SERC executive director Lee Heng Guie said this could potentially draw high-spending tourists in anticipation of Visit Malaysia Year 2026.
“Thailand has given Chinese tourists visa-free stays on arrival for up to five months. Indonesia has taken similar measures by giving special passes. This is something we have to look into,” Lee said at a briefing on SERC’s quarterly economic tracker report today.
SERC’s findings for 2019 revealed that international tourists dedicated a substantial portion of their expenditures to shopping, accounting for 33.1% of their overall spending, amounting to nearly RM28.9 billion.
Lee also urged the government to encourage the setting up of eco-friendly hotels and introduce a green-rating system for them, with preferential tax rates for properties which successfully apply this initiative.

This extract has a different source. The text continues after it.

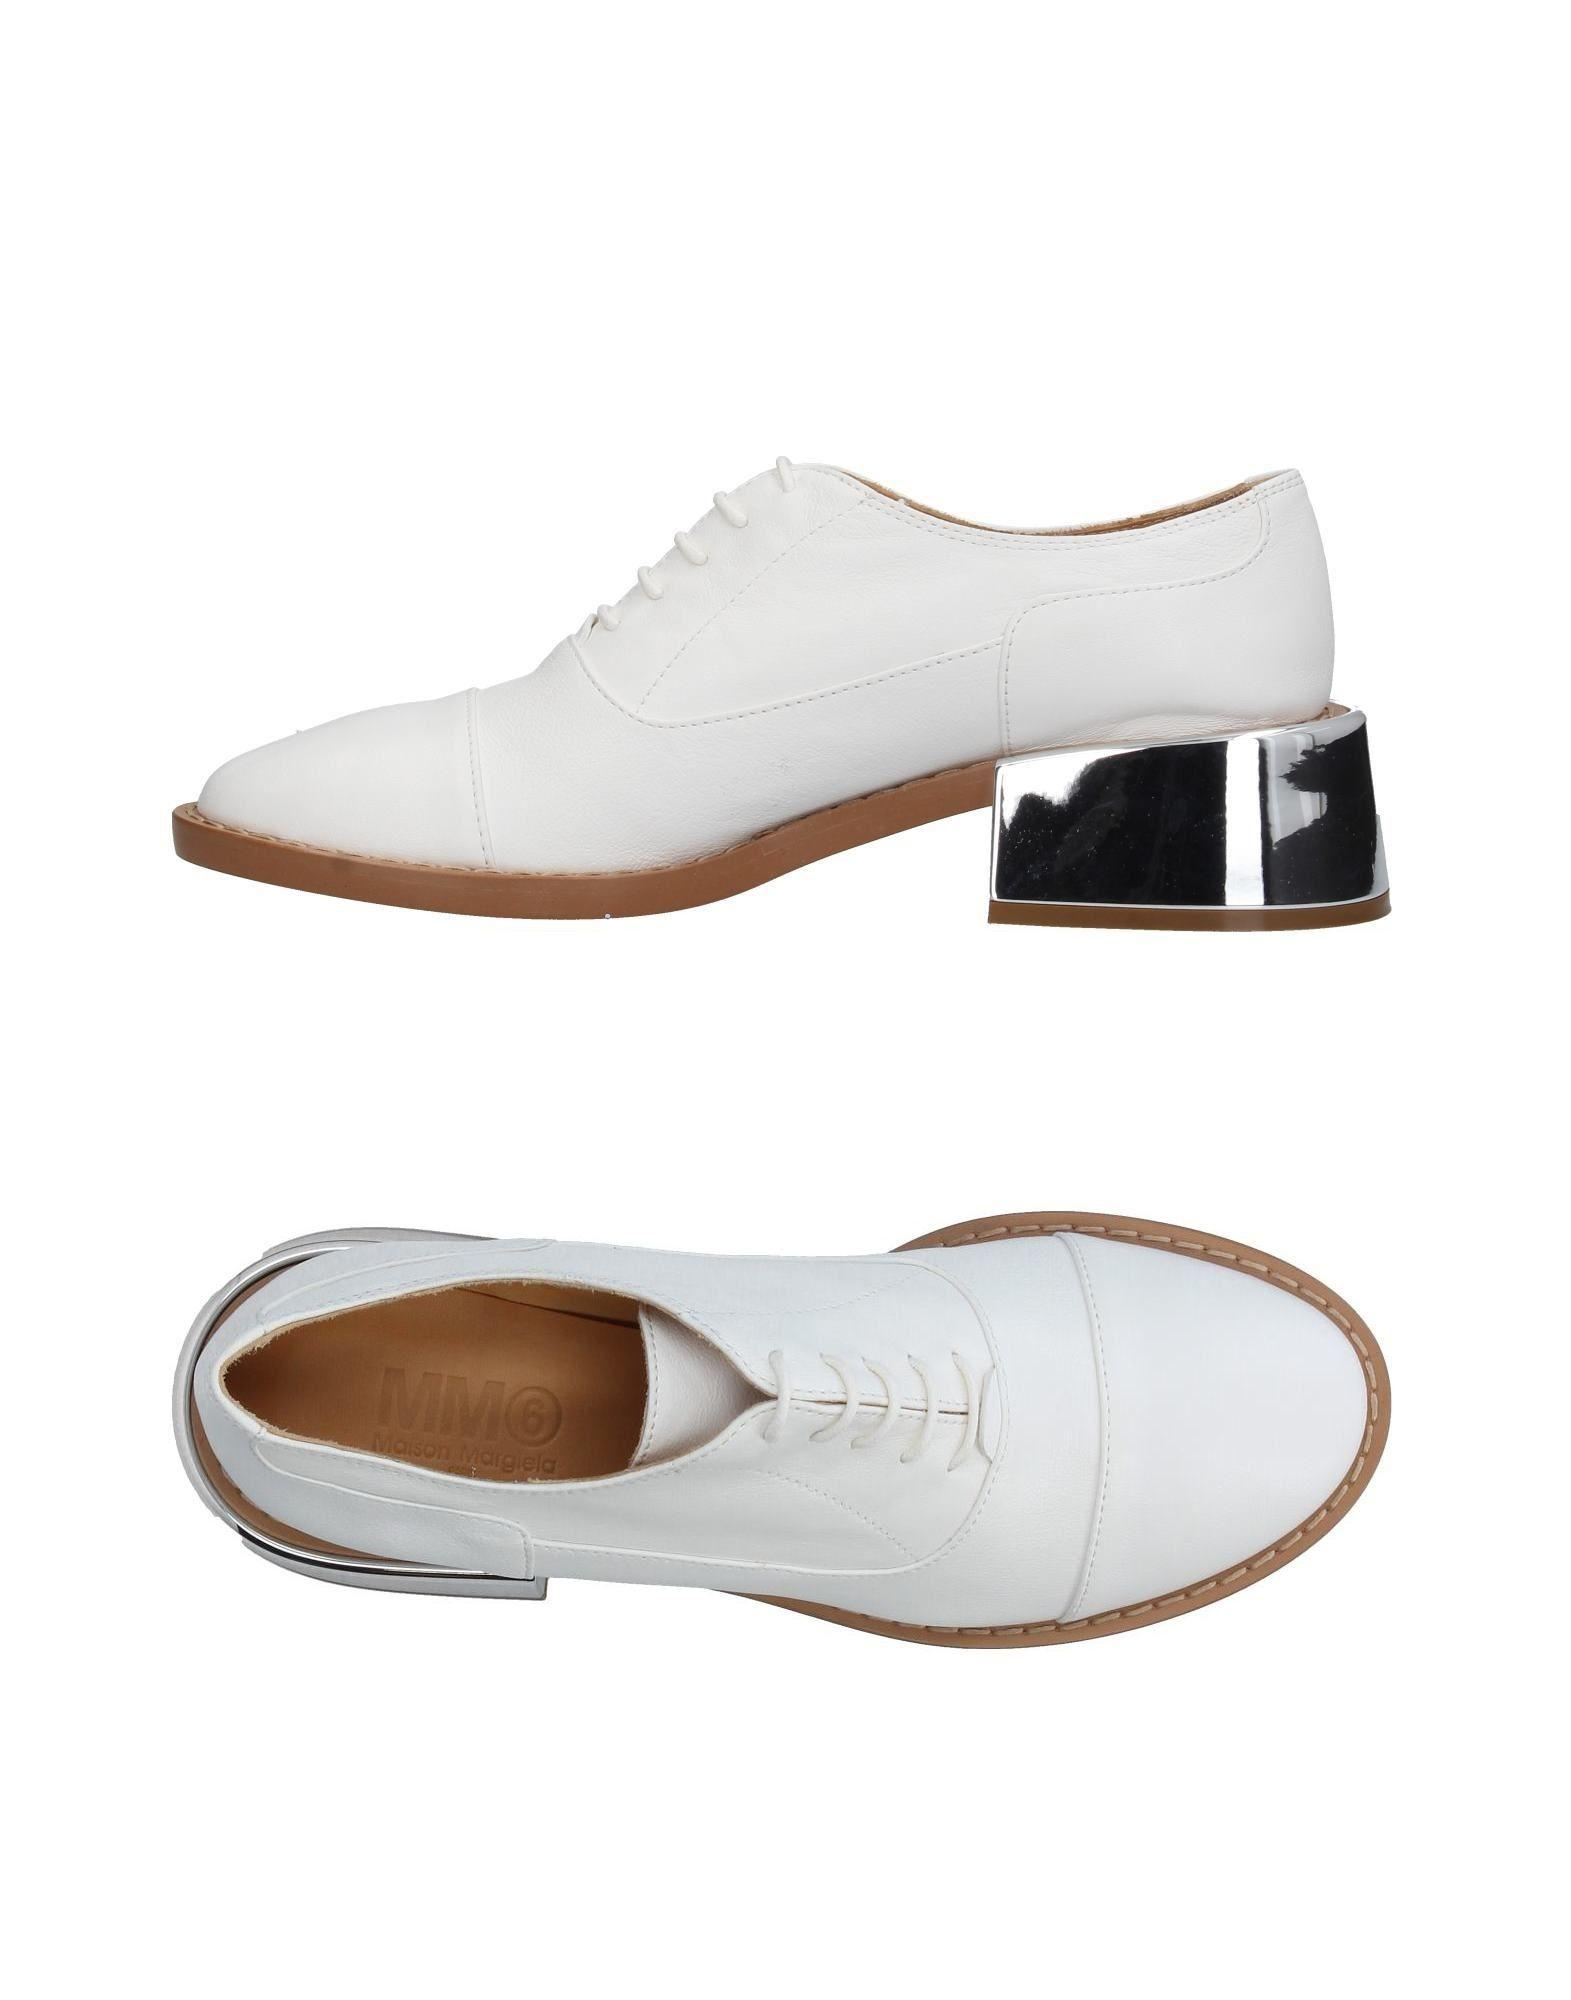 pointed toe lace-up shoes - White Maison Martin Margiela NU08tI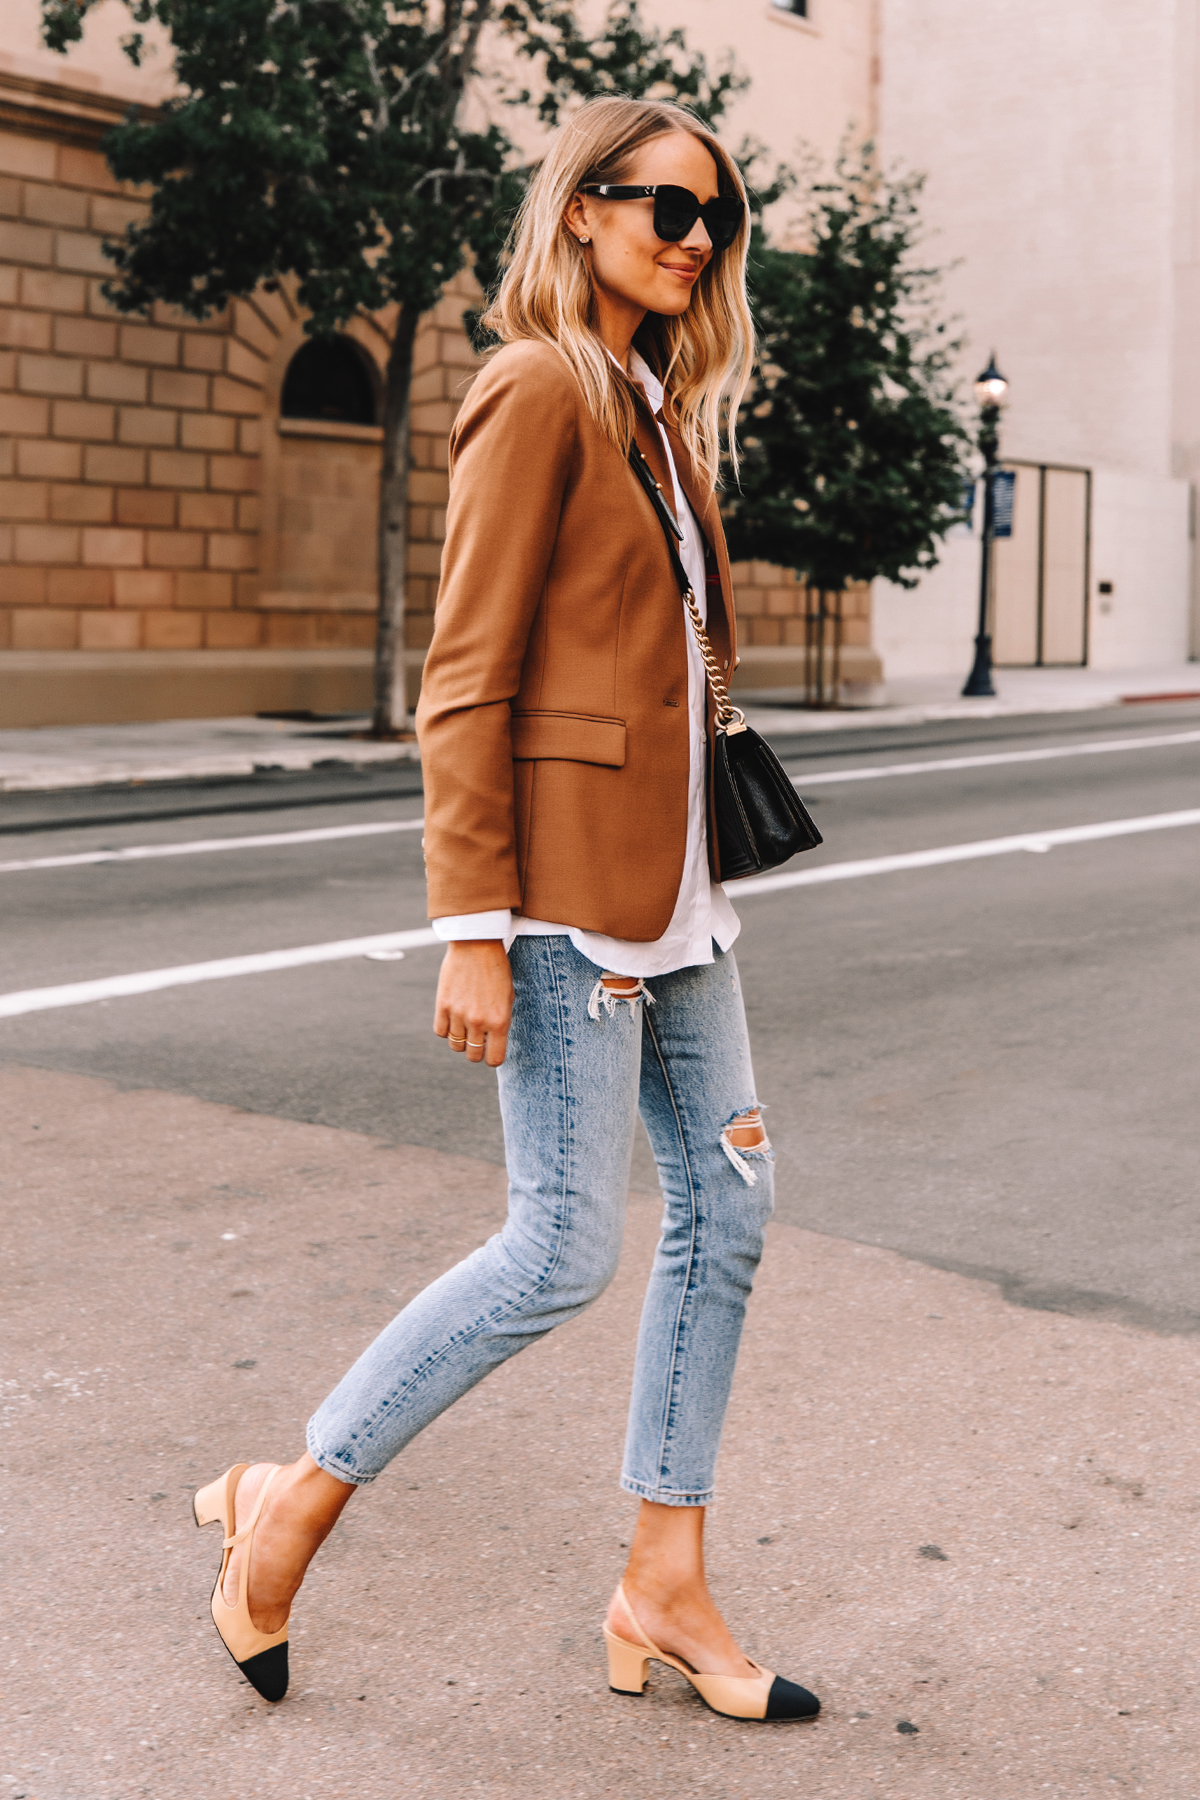 Fashion Jackson Wearing Jcrew Regent Blazer Camel White Shirt Levis 501 Ripped Jeans Chanel Slingbacks

“As of Sept 15, only seven hotels were rated as ‘green hotels’ on the tourism, arts and culture ministry’s website. There is also not enough done to promote green hotels,” he said.
SERC also highlighted several other tourism-related issues, such as congestion at airports and the state of disrepair of many tourist spots and attractions.
To alleviate congestion, it recommended streamlining immigration checkpoints through measures such as increasing the number of counters and electronic passport gates, reducing the duration of customs inspection procedures, and deploying more officers to assist tourists efficiently.
Taking inspiration from the Narita Airport model in Japan, the goal is to ensure that visitors experience wait times of no more than 15 minutes.
To revitalise rundown attractions, it urged the government to increase funding for rehabilitation efforts and foster partnerships with the private sector to undertake necessary repairs and refurbishments.
The other proposed measures include a large-scale regional festival to promote the arts scene, the development of a mobile application providing essential information for tourists, and the implementation of a double tax deduction scheme for advertising and promotional expenses, with a cap of 3% of the total turnover.